Non-trinitarians understand, quite correctly, that Jesus saved the world on account of being human- for all His Lordship and spiritual unity with the Father. If He had been of any other nature, salvation would not have been possible through Him. He in all ways is our pattern. It is our humanity that enables us to go into this world with a credible, convincing and saving message. We have to be enough of a man himself in order to save a man. We are not asking our hearers to be super-human. The way senior churchmen seem to lack a genuine, complete humanity has led so many to conclude that because they cannot rise up to such apparently austere and white-faced levels, therefore Christianity for them is not an authentically human possibility. Our message is tied to us   as human people, just as the message of Jesus was Him, the real, human Jesus. The word was made flesh in Him as it must be in us. This is why nowhere in the Gospels is Jesus described with a long list of virtues- His actions and relations to others are what are presented, and it is from them that we ourselves feel and perceive His righteousness. The teachings of Marxism, e.g., can be separated from Marx as a man. You can accept Marxism without ever having read a biography of Karl Marx. But real Christianity is tied in to the person of the real Christ. The biographies of Jesus which open the New Testament are in essence a précis of the Gospel of Jesus. His life was and is His message. We are to follow Him. This is His repeated teaching. A Marxist follows the ideas of Marx, not merely his personality. But a Christian follows Christ as a person, not just His abstract ideas.  

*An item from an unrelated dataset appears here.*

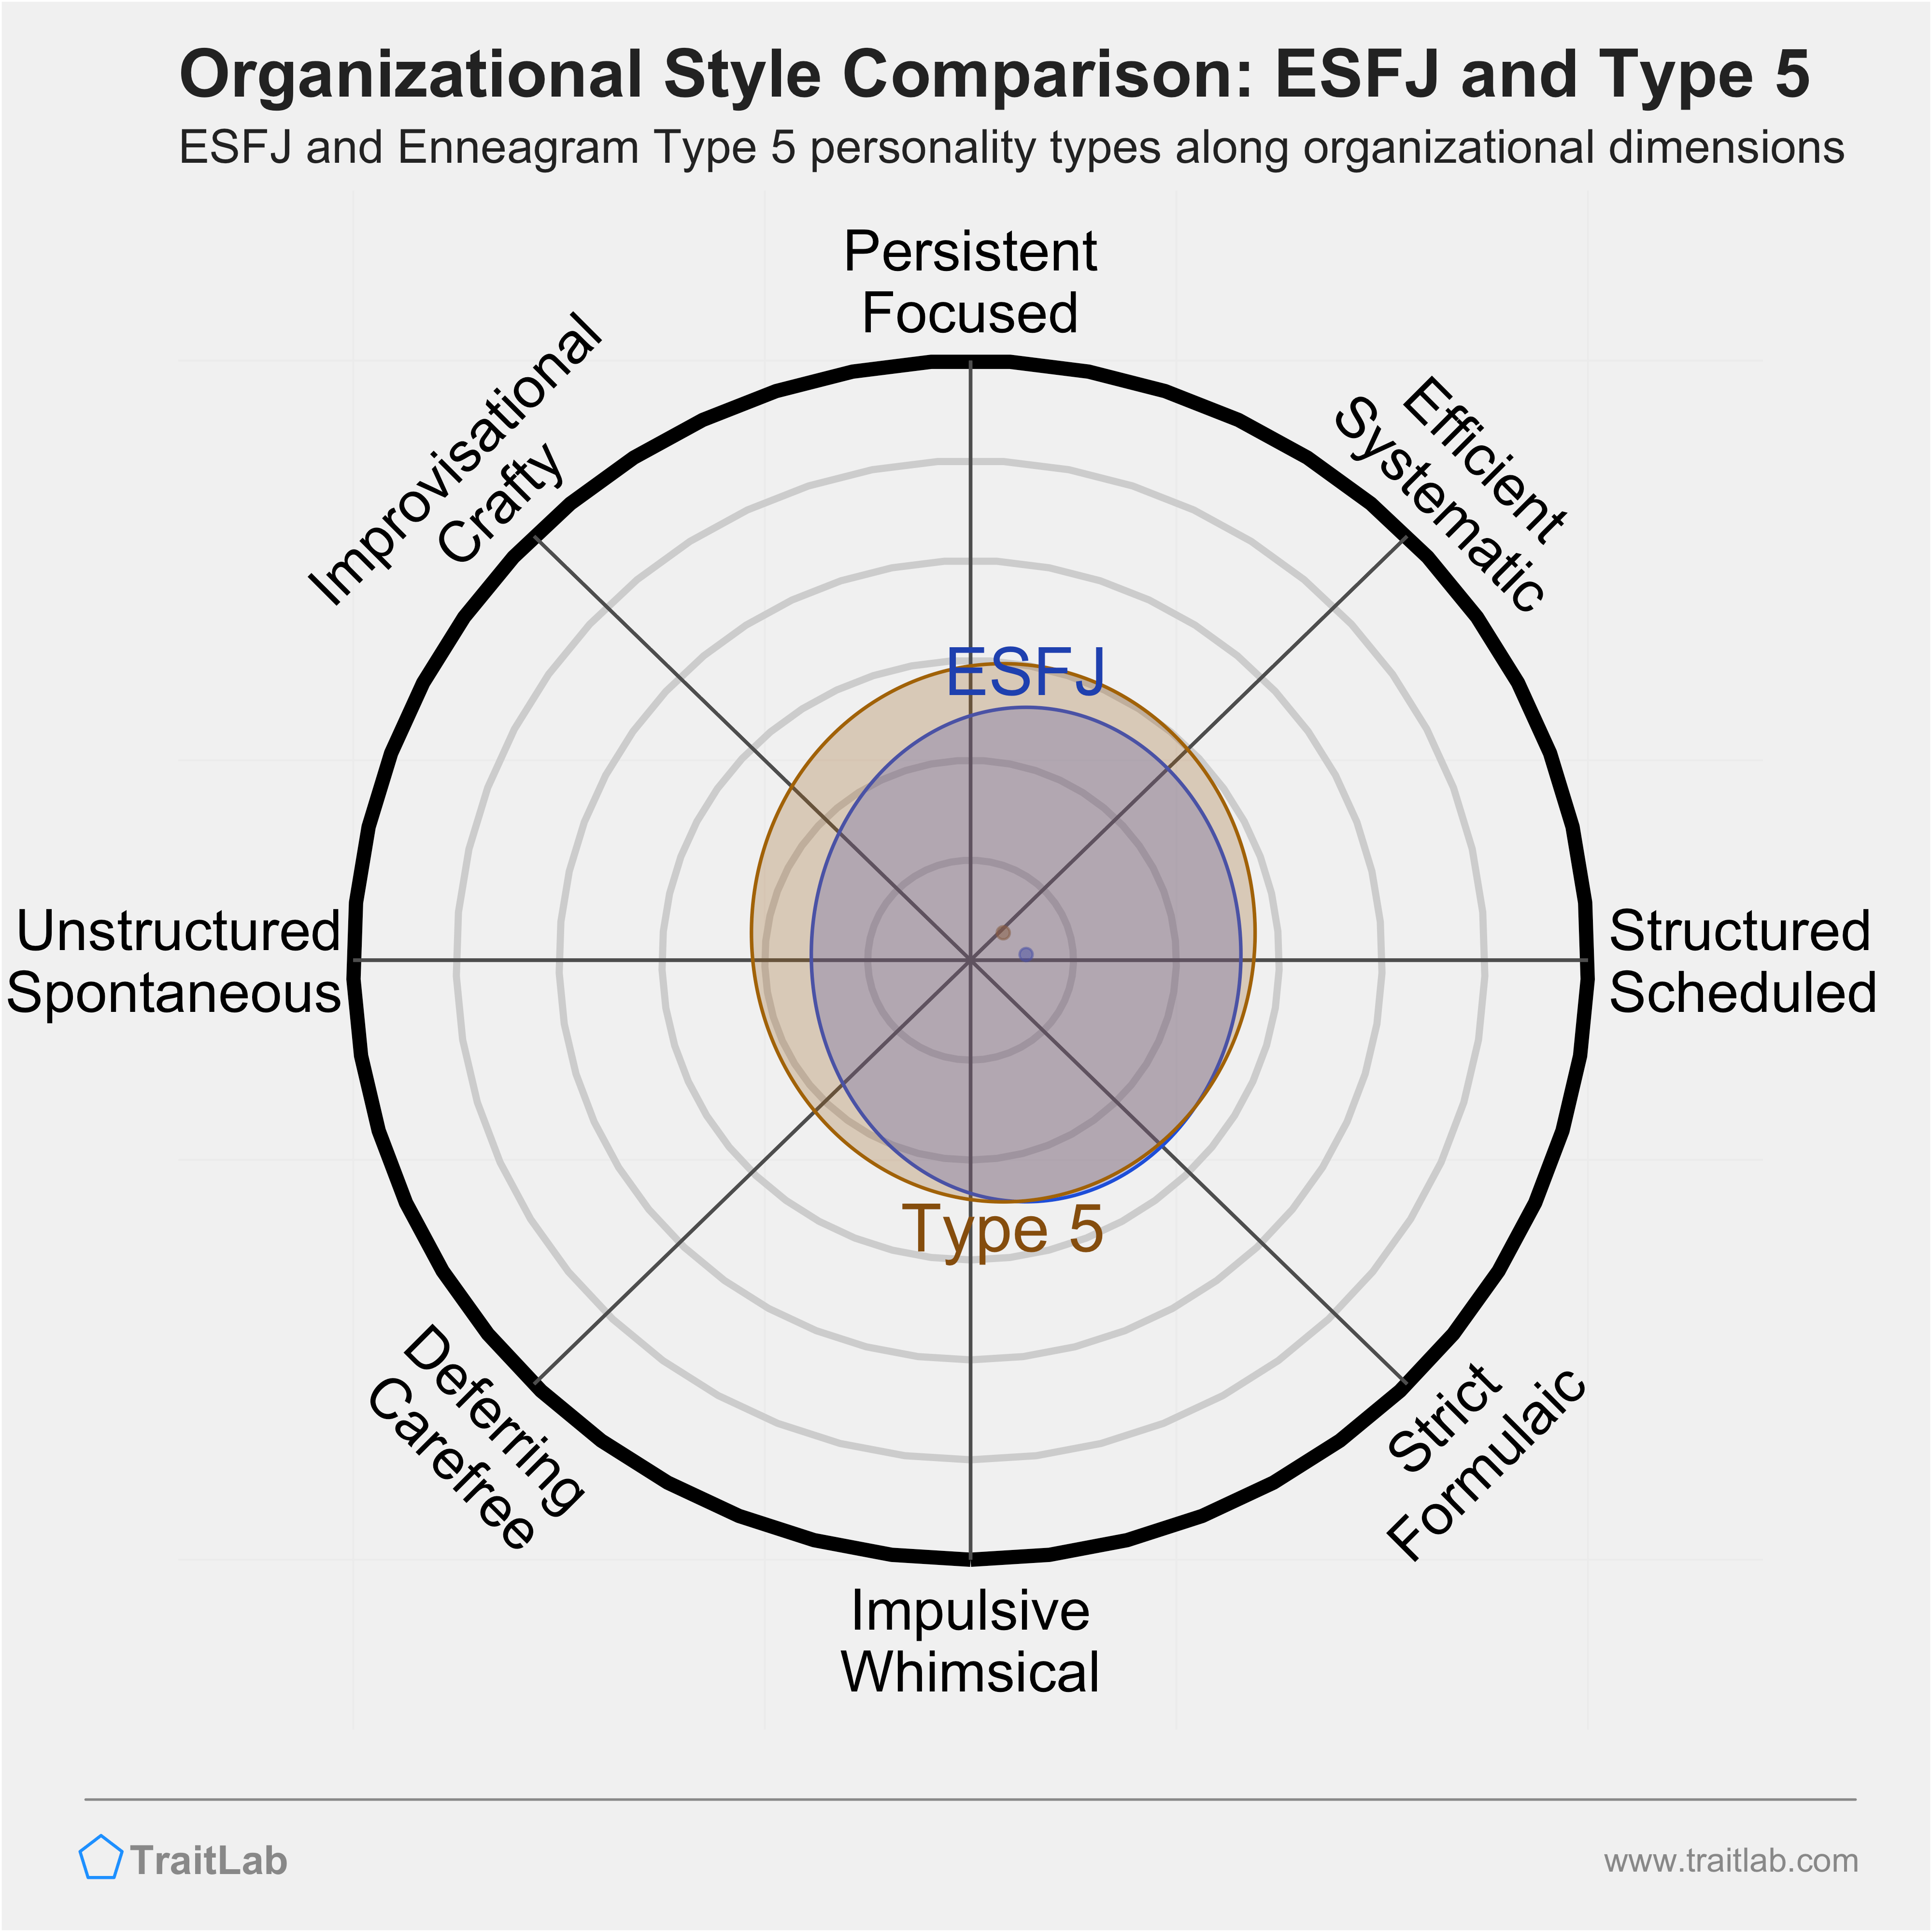 ESFJ and Type 5 comparison across organizational dimensions

If the message of Jesus is defined by us merely as ideas and principles, then we will inevitably find that ideas and principles lack the turbulence of real life- they are abstract. The principles of Bible Truth will be found to be colourless and remote from reality- unless they are tied in to the real, concrete person of Jesus. God forbid that our faith has given us just a bunch of ideas. The principles of the Truth, every doctrine of the Truth, is lived out in Jesus- and it is this fact, this image of Him, which appeals to us as live, passionate, flesh and blood beings. A person cannot be reduced to a formula. It is a living figure and not just dry theories that actually draws people, and in that sense is " attractive" . The person of Jesus, as the person of each of us in Him, makes the ideas, the doctrines, the principles, real and visible; He " embodies" them. It is only a concrete, real person who can be felt to call and appeal to people. What I am saying is that if we present the principles of the Truth as they are in Jesus, then this will be far more powerful in its appeal than simply presenting dry theories. " The truth as it is in Jesus" is a Biblical phrase- surely saying that the doctrines of the one Faith are lived out in this Man. Because of this, the person hearing the Gospel will feel summoned, appealed to, called, by a person- the risen Jesus. And then later on in the life of the convert, it will become apparent to him or her that this same Jesus, by reason of His very person, makes demands, challenges, invitations to them, to yet greater commitment. And only a real, living person can be encouraging in life. Principles as mere abstractions cannot encourage much of themselves.  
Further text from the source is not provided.